# chicken feed and dogs?



## VA Susan

My dog likes to eat the chickens' feed, both the layer mash and the starter/grower. Can it hurt her?


----------



## Cyngbaeld

Little low in fat, but otherwise very similar to "dog food". Cheaper too. When I was feeding processed feed to the birds, I just made sure the dogs had another source of fat and let them eat as much "chicken feed" as they wanted.


----------



## suelandress

Could hurt her if a ticked off hen lets her have it


----------



## Suzyq2u

LOL, my basset licks my muck boots if I leave them inside *gag* .... I'm sure she'd happily eat chicken feed, nice to know it'd be safe


----------



## JJFarmer

My chickens and dog barter food.


----------



## lauriej57

My dogs love the chicken feed, and it's never hurt them. I've learned to keep the food up high so they can't get at it when I feed them. Same as my eggs, when I'm collecting eggs, I have to really careful where I set my basket down, my older girl will steal an egg right from under my nose. My younger girl will steal them right off the counter, if I set my basket down on the counter for a bit. 

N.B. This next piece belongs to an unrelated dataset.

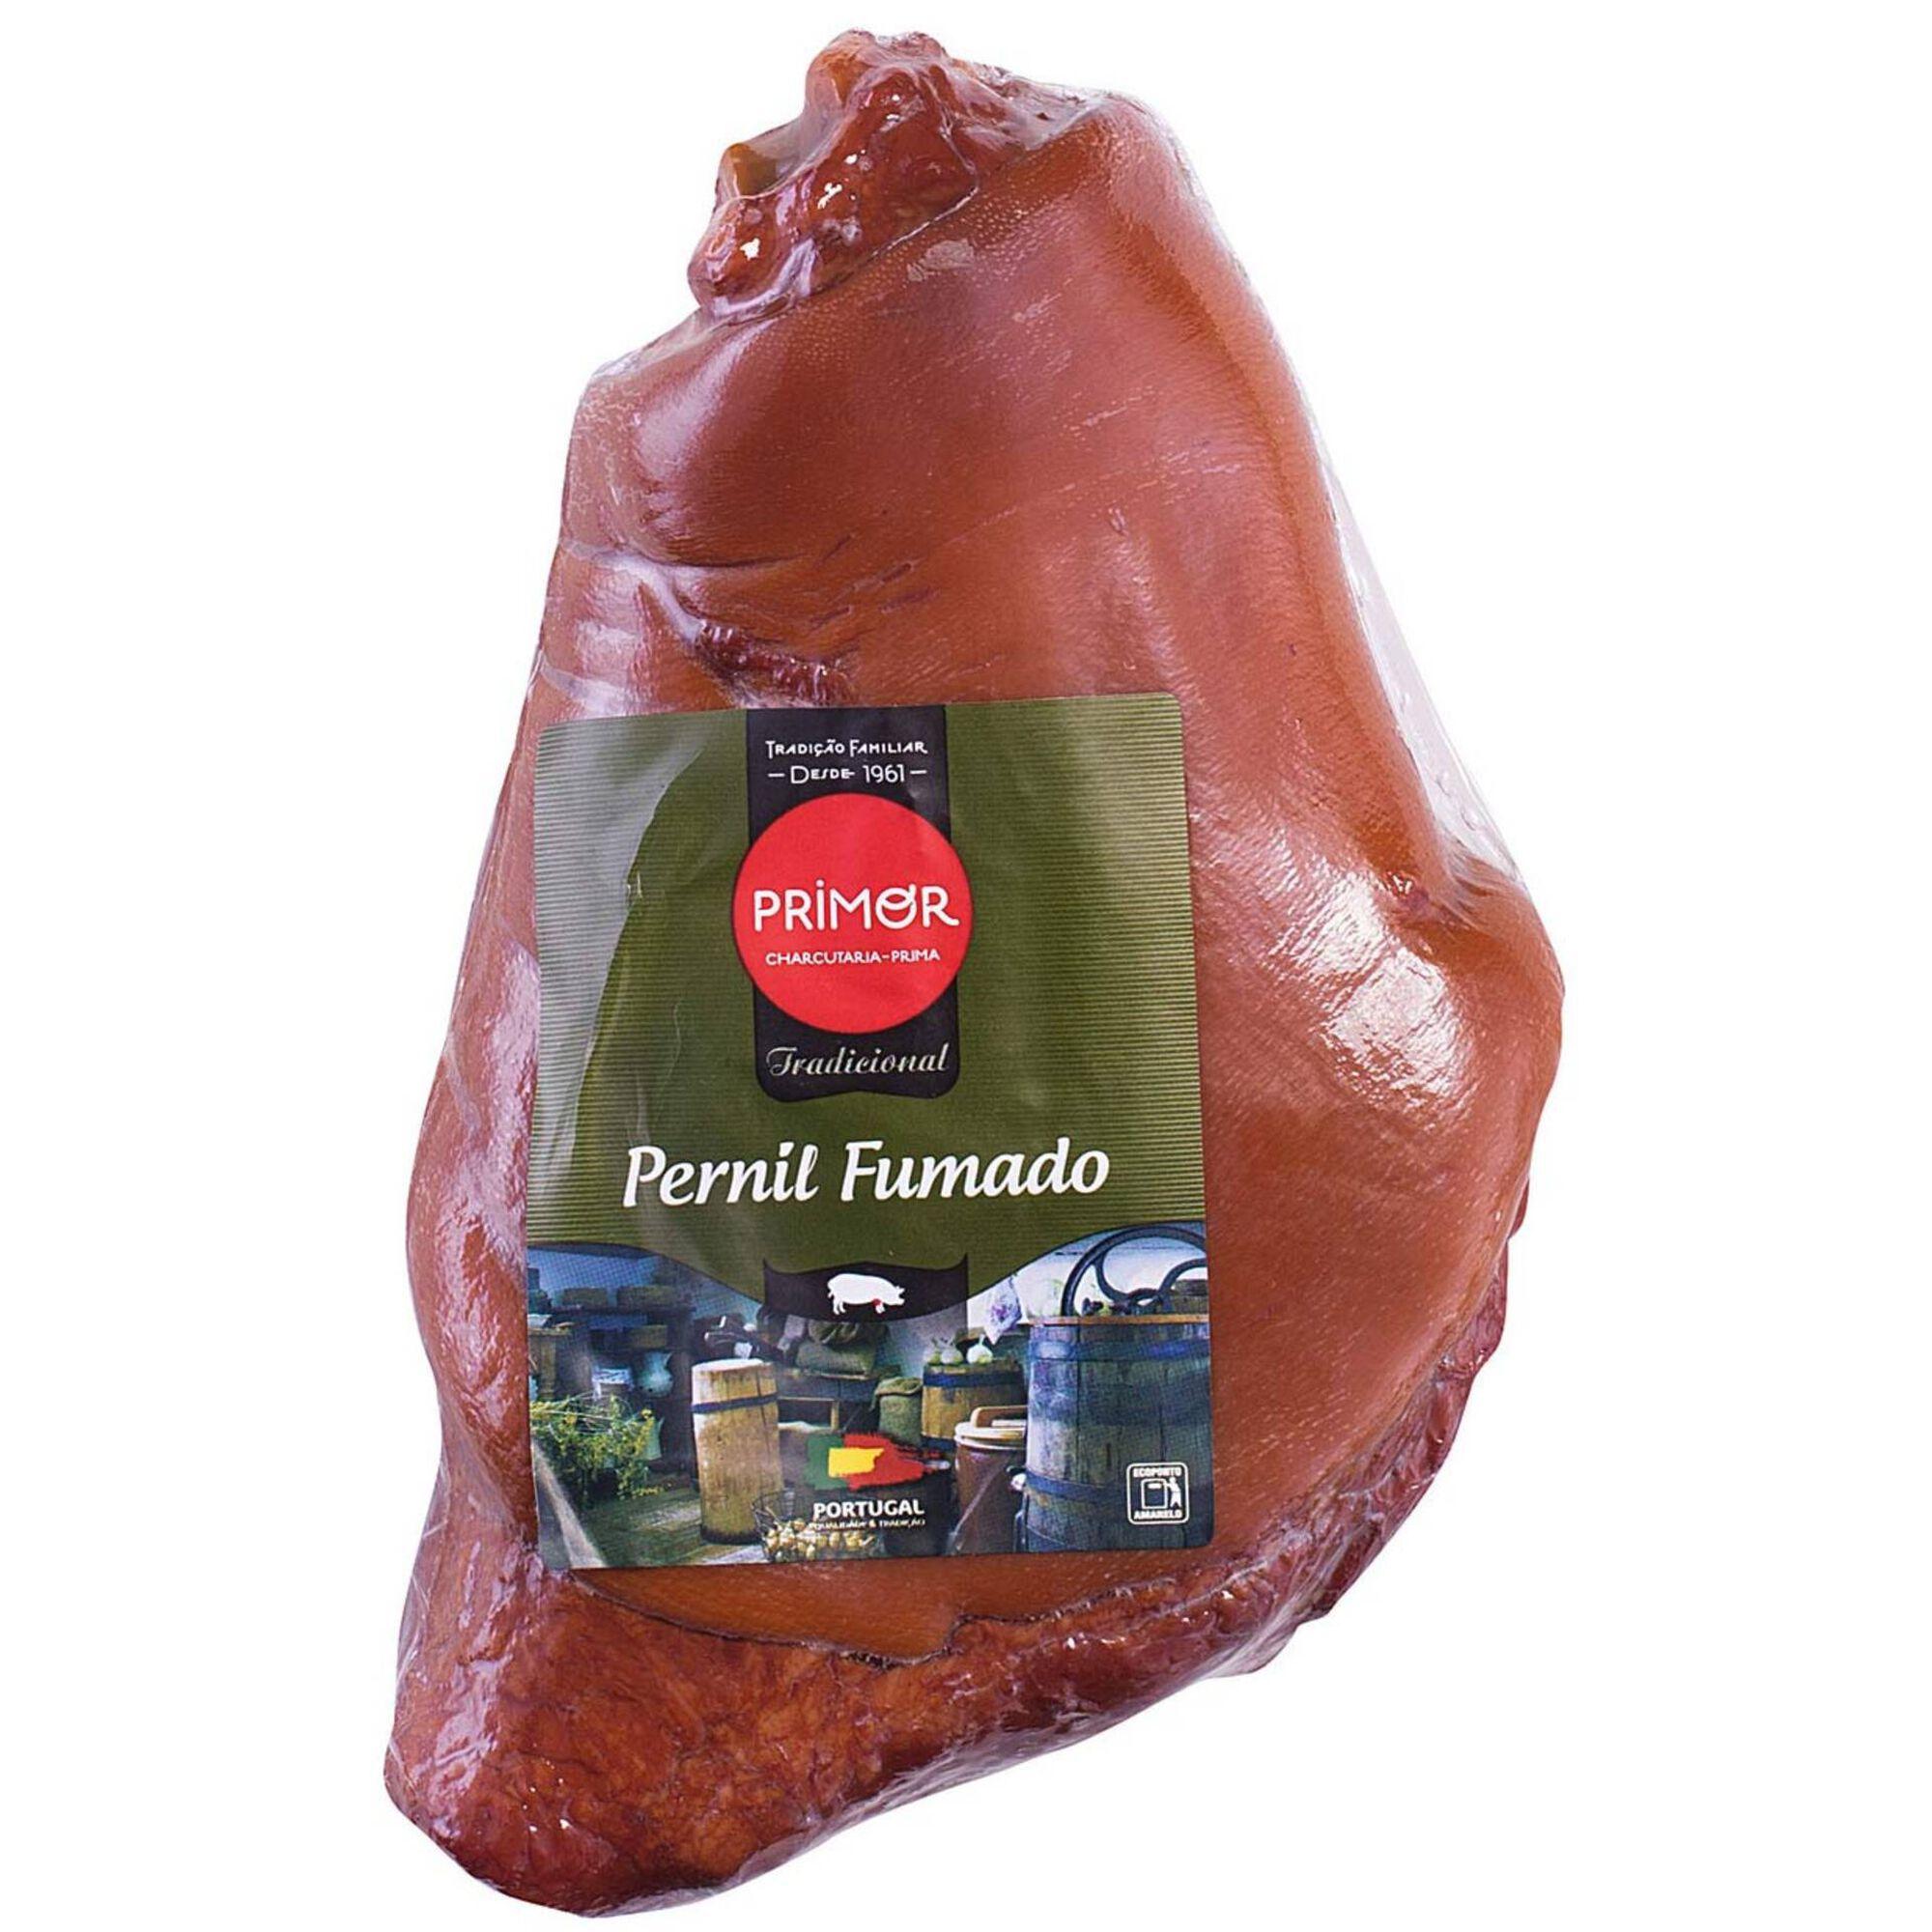 Pernil Fumado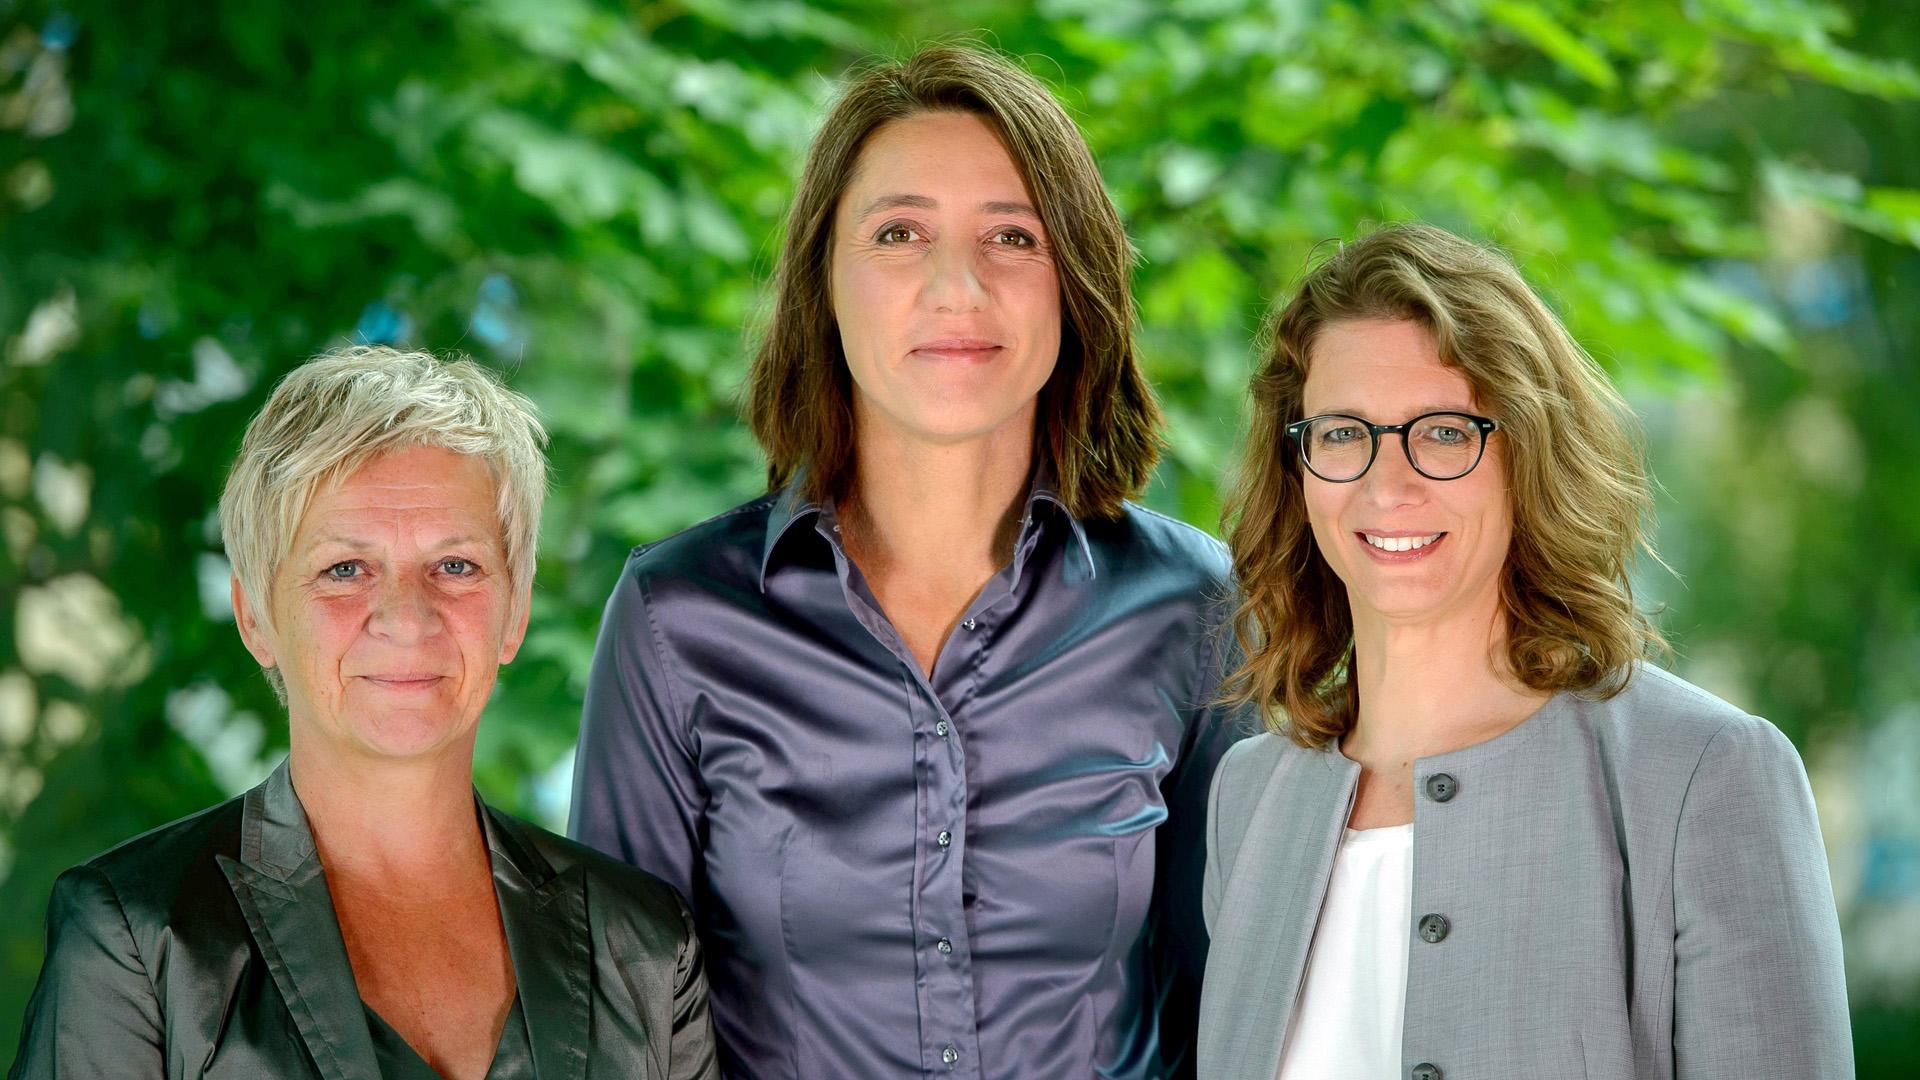 Barbara Unmüßig und Ellen Überschär (v.l.) sind zusammen der Vorstand der Heinrich-Böll-Stiftung, die der Partei Bündnis 90/Die Grünen nahesteht. Livia Cotta (re.) ist Geschäftsführerin der Stiftung.

The only thing I've had a problem with, is when I'm cleaning the coop, and, hmm, someone decides to let the dogs out, and they eat the crud before I have it picked up. Only bothers one of my dogs though, probably because she is the most piggy one!


----------



## COSunflower

I don't dare leave a bucket of chicken feed down on the floor or my dogs will have it gone lickety split! It has never hurt them.  I've had chickens for almost 50 years.


----------



## Bearfootfarm

I specifically buy dog food that has no corn, and my dogs will eat the corn I feed to the sheep :shrug:


----------



## Faithful

VA Susan said:


> My dog likes to eat the chickens' feed, both the layer mash and the starter/grower. Can it hurt her?[/QUONit
> No it will not hurt she may not be getting everything she needs from her food , or the other animals may be chasing she from her food ,I feed dog chow and have to make sure mine get there share of food. my goat like dog food.


----------



## Faithful

Oh you may want to no what dog I have Anatolian Shepherds.
we also have puppies ready to go .


----------



## Dutchie

Dogs eat turds and chicken poop. I don't think chicken feed will hurt her. Don't feed it to her exclusively, though ..... she needs more and different nutrition than chicken food contains.


----------



## Renae

My cats use to eat my chickens feed, but they only ate it when I bought Purina Chicken feed. When I bought Co-Op food they didnt touch it. I knew there was a big difference in smell, appearance and how much dust was in the bag but of been a big difference in the taste too. They faired pretty well. (They did get cat food too)


----------



## Mainelyhappy

I hate to disagree with you good people... but I feel I must. Dogs are carnivores. Chickens are omnivores. Commercial chicken food is made up at least partially from corn and soy. Neither of these are appropriate for the canine carnivorous diet. If your dog; chews its feet, tail or under belly, has chronic ear crud, red spots on it's skin, yucky teeth/breath or digestive issues, an unpleasant or "doggy" odor, look at the diet. Dogs are designed to eat MEAT, not corn or soy or fillers. This being said I have an older dog which I recently rescued that LOVES to snack on chicken food. I try my best to keep her away from it. 

Daryl in Maine


----------



## VA Susan

Dutchie said:


> Dogs eat turds and chicken poop. I don't think chicken feed will hurt her. Don't feed it to her exclusively, though ..... she needs more and different nutrition than chicken food contains.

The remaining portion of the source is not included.